In order to ensure that USCIS has the correct information on file, foreign nationals should file Form AR-11 when they move. They can file this form easily online without the assistance of an attorney. It’s important to file this form to ensure that foreign nationals continue to receive all communications from USCIS including, for example, work cards and, of course, the all-important Green Card. While it is true that USCIS doesn’t always manage to update its systems in advance of the mailing of important documents, filing the AR-11 and notifying their lawyer at the same time gives foreign nationals the best chance of receiving correspondence.

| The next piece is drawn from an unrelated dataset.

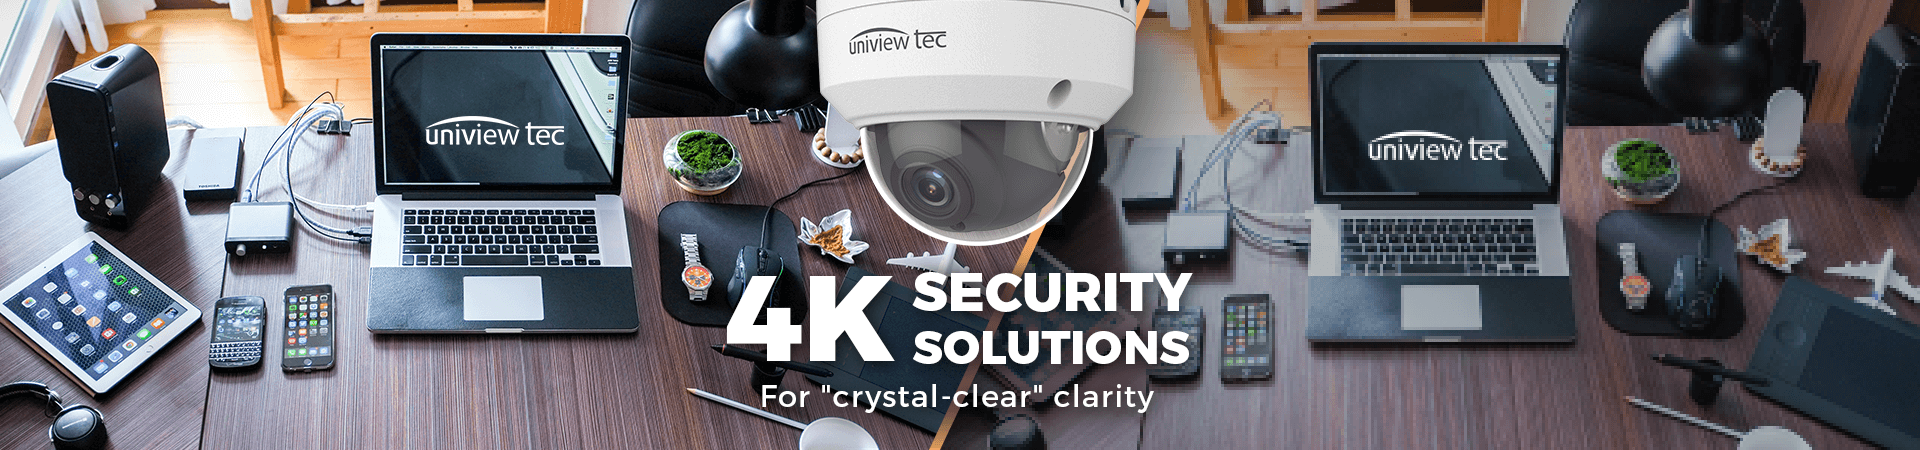 4k Security Solutions

And finally, one last application which used to be fine to do without a lawyer may now require the services of an attorney:
DS-160 and the Consular Process
With few exceptions, most applicants for a visa stamp must submit a DS-160 and attend a visa interview at a US Embassy or Consulate abroad. While I used to say that applicants could prepare themselves for the consular process and interview, with recent changes, starting even before the Trump administration, some previously straightforward applications have drawn more scrutiny. Even though a consular officer has limited authority to “re-adjudicate” a petition that USCIS has already approved, we have seen many officers essentially do just that. Moreover, they are adjudicating certain visas by a standard different than what USCIS uses, and we are aware of some US Embassies/Consulates requesting higher-level proof than required for the petition application. One example of this is with O-1 visas. We have heard of officers telling applicants that they weren’t at the level of Adele so they don’t qualify for the O-1 visa (which is not true according to the regulations).
To prepare for this, applicants should be able to confidently discuss their US position or US job offer in detail and how they qualify for the visa. In certain cases it may be advisable to have an immigration practitioner brief the foreign national on the interview process and certain questions that they may receive from consular officers. If the case is put into “administrative processing,” it may be advisable to consult with an attorney.
We’ve laid out some cases where an attorney may not be needed. That said, if there are complications, especially if there are criminal issues or arrests in an individual’s background, or if individuals are unsure of the process, it is always a good idea to hire an expert. Attorneys can be useful sometimes, we swear!